Of course yes. This is very much achievable. We have to, as I mentioned, undertake a few measures, including increasing production, and reducing dependence on imports. At the same time, public sector banks should lend more to the industry.
What are your other Budget expectations?
In aluminium, massive import – as much as 60 per cent – has happened. I hope it’s curtailed. We are definitely looking that we get full price for our oil.
I always said that corporate tax should be 20 per cent.
You think the Modi government is receptive to ideas?
The PM has shown the intent and has said that he is hungry for newer, disruptive ideas. He has said – if you have new ideas, come and present to me, I will give you time. So, the government is very much receptive to outside ideas.
Jobs, farm distress, and a slowdown – Are we facing a crisis?
Banks are not doing their job. There’s a squeeze of money, though the banks have enough money. That has created a havoc in the system. Money must reach the people and businesses so that businesses can survive.
How do we tackle the jobs crisis?
Mining alone has the potential to create 10 to 15 crore jobs. Government must continue to spend massively on infrastructure. The construction sector along with infrastructure is the biggest employer. When it further opens up, there will be more jobs.
Of course you know that I believe that anyone with Aadhar card should be eligible for Rs 2 lakh loan so that they can turn entrepreneurs and found small businesses.
What is Vedanta doing towards creating more number of jobs?

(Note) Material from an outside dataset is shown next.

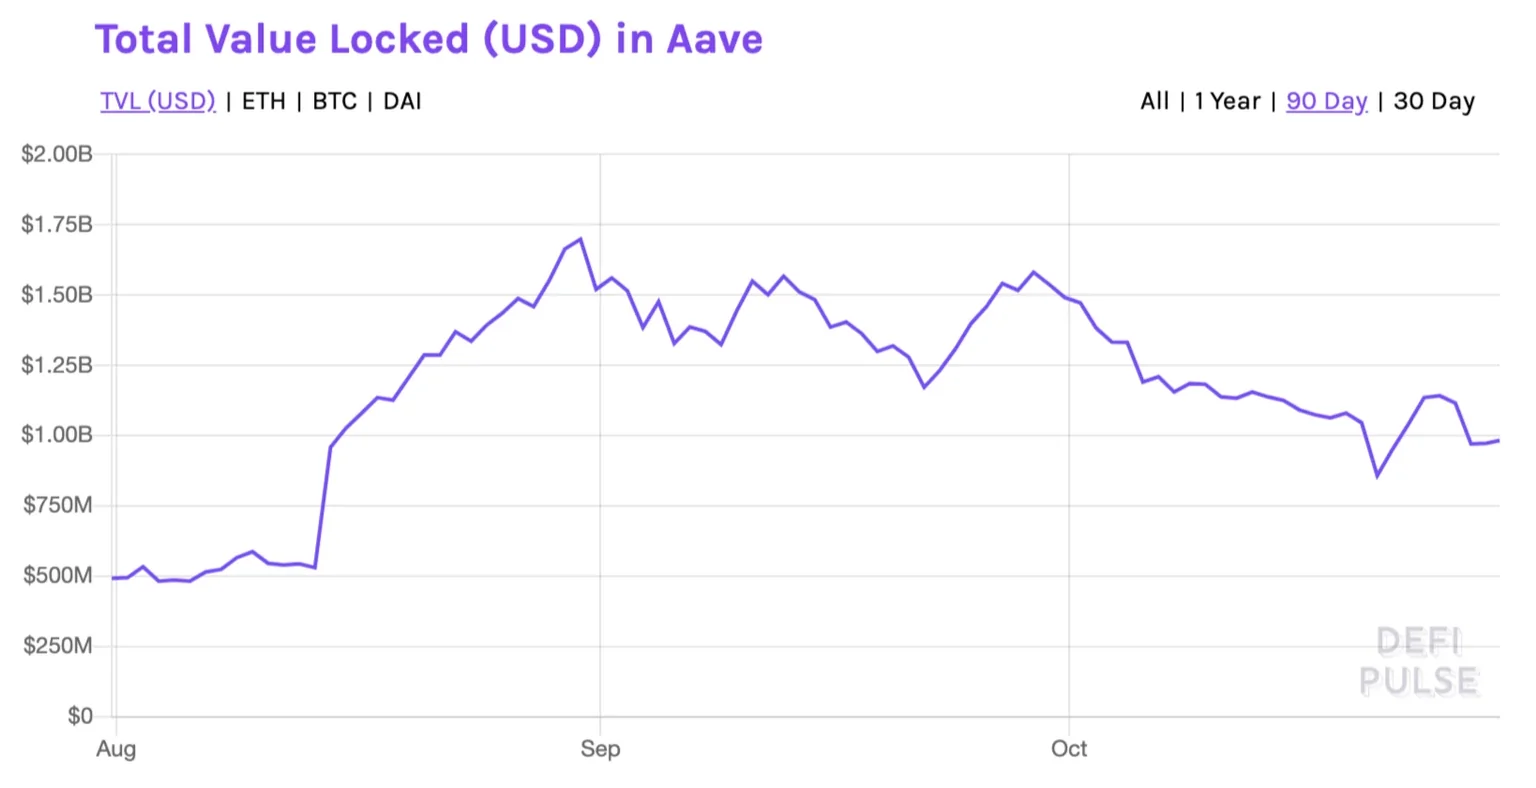 TVL in Aave over the last 90 days from August through October
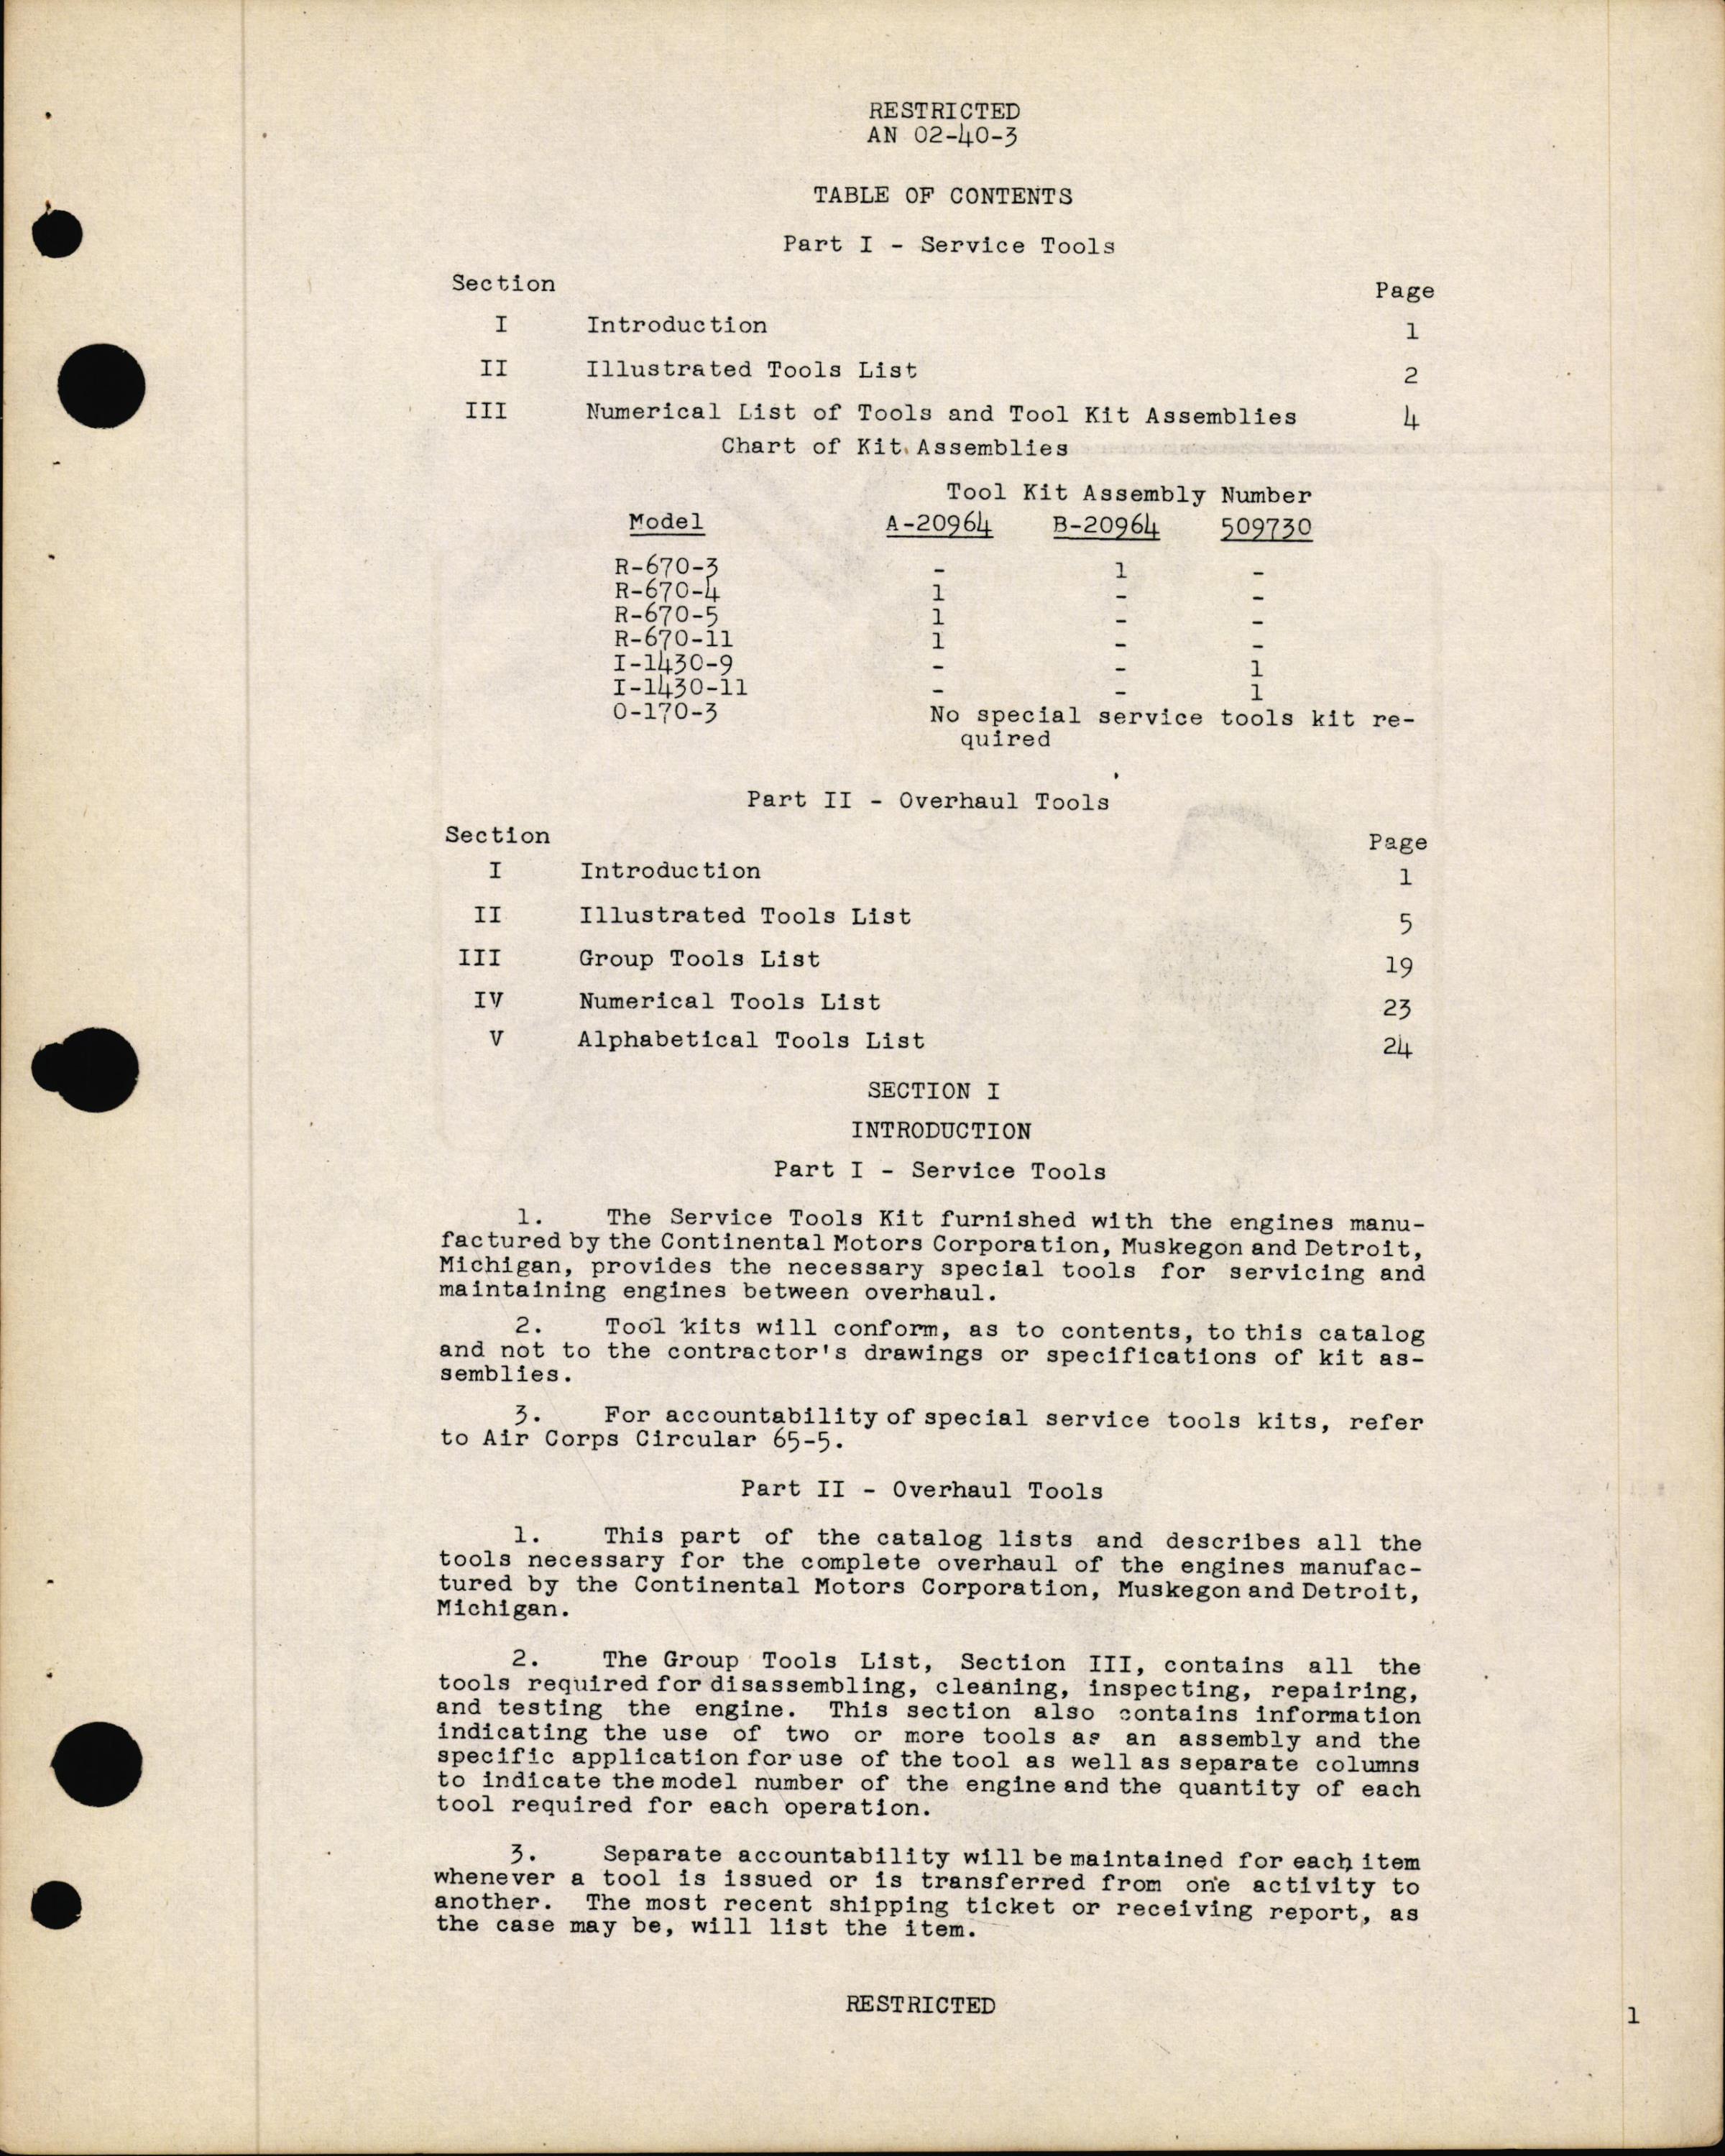 Sample page 4 from AirCorps Library document: Tools Catalog for Aircraft Engines

We will spend Rs 60,000 crore in the next two years.
Our revenues should rise from $ 18 billion to $ 30 billion in the next two years. This will create 10 to 15,000 jobs.
Vedanta will be one per cent of India’s GDP. We will be the largest taxpayer in the country.
Also, in the next two years, we want to make sure that 4 lakh children are taken care of, particularly their health, education and nutrition – through our Nand Ghar endeavour.
Also, in the next two years, we want to ensure that 2 crore women in underdeveloped regions are empowered – and they turn entrepreneurs with regular monthly incomes. For instance, I am keen to do something meaningful in Bihar – a state where I hail from – but I am not getting a proper avenue.
Do you think India is doing enough to address the rural distress?
I think this government led by PM Modi is hugely concerned about it. As the PM said, many farmers are so caught up with their trials and tribulations in their daily lives that they don’t even realise that they have an Agriculture Ministry to address their concerns. I think the PM wants that the industry should help with food processing units so that there is a value addition to the farm output. Also, one idea I think being explored is an app-based (much like Uber / Ola) tractor service – something that can a boon for the farmers. The PM is also concerned about the water resources, and they are committed to doubling farm income.
What are the leadership and life lessons that one can learn from Mr Anil Agarwal?
I think one has to be fearless and one has to be humble at the same time. And, then accept what comes, having faith in the supreme power. I am proud of my India and Bihar roots. I firmly believe that I have to give back to the land and the people – who have given me so much.